La circulation des transports en commun a été fortement perturbée ce lundi 16 mars à Kinshasa à la suite d’un mouvement de grève déclenché par les conducteurs de bus et de taxi-bus. Cette paralysie partielle du secteur a eu des répercussions immédiates sur les usagers, nombreux à se retrouver sans solution de transport pour rejoindre leurs activités quotidiennes.
Dans plusieurs artères de la capitale, des foules d’habitants ont été contraintes de parcourir de longues distances à pied, faute de véhicules disponibles. D’autres ont dû se tourner vers les taxis-motos, souvent plus coûteux, pour rallier leurs lieux de travail ou leurs rendez-vous.
Les chauffeurs protestent contre l’opération de contrôle des documents de bord lancée le 26 janvier 2026 par le gouverneur de Kinshasa, Daniel Bumba Lubaki.
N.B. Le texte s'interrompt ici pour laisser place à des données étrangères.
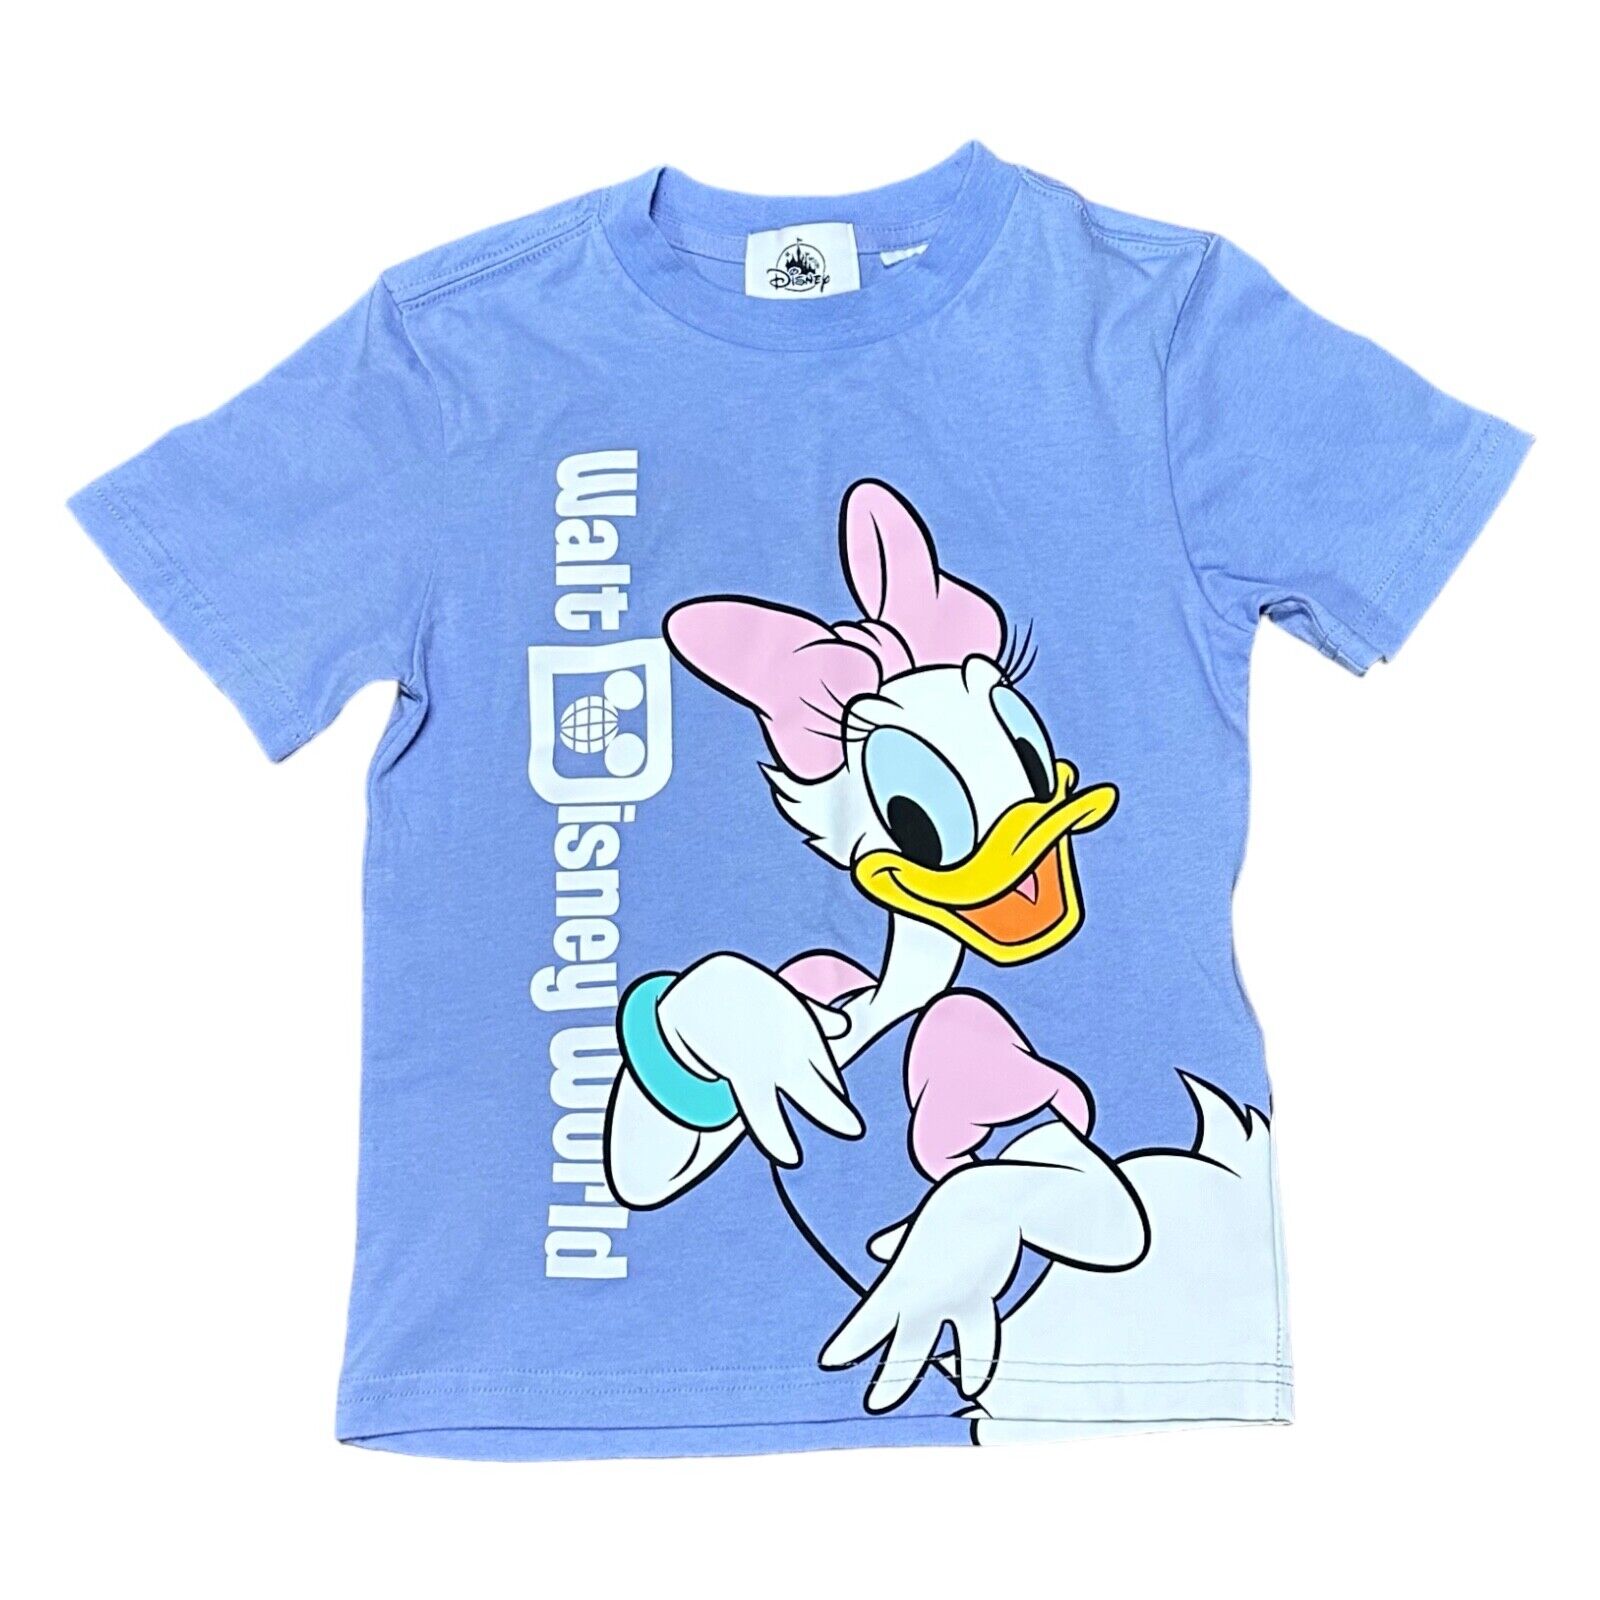 Disney Parks Walt Disney World Daisy Duck Back to Front Kids Shirt S (5/6) READ

Organisée de 5 heures à minuit, cette opération vise à vérifier plusieurs documents obligatoires pour les conducteurs de transport en commun, notamment le permis de conduire, la carte rose, l’assurance, la vignette ainsi que le certificat de contrôle technique.
Sur le terrain, plusieurs conducteurs dénoncent des tracasseries administratives et accusent certains agents de contrôle de multiplier les arrêts et d’exiger des paiements informels. Des accusations que rejettent les agents chargés de l’opération, qui défendent une mesure destinée à assainir le secteur et à améliorer les recettes publiques.
Face aux nombreuses plaintes enregistrées, l’ONG Action contre les violations des droits des personnes vulnérables (ACVDP) a annoncé l’ouverture d’une enquête afin d’évaluer l’impact de cette opération et d’examiner d’éventuels cas d’abus. Si les revendications des chauffeurs se poursuivent, ce sont surtout les usagers qui continuent d’en subir les conséquences au quotidien.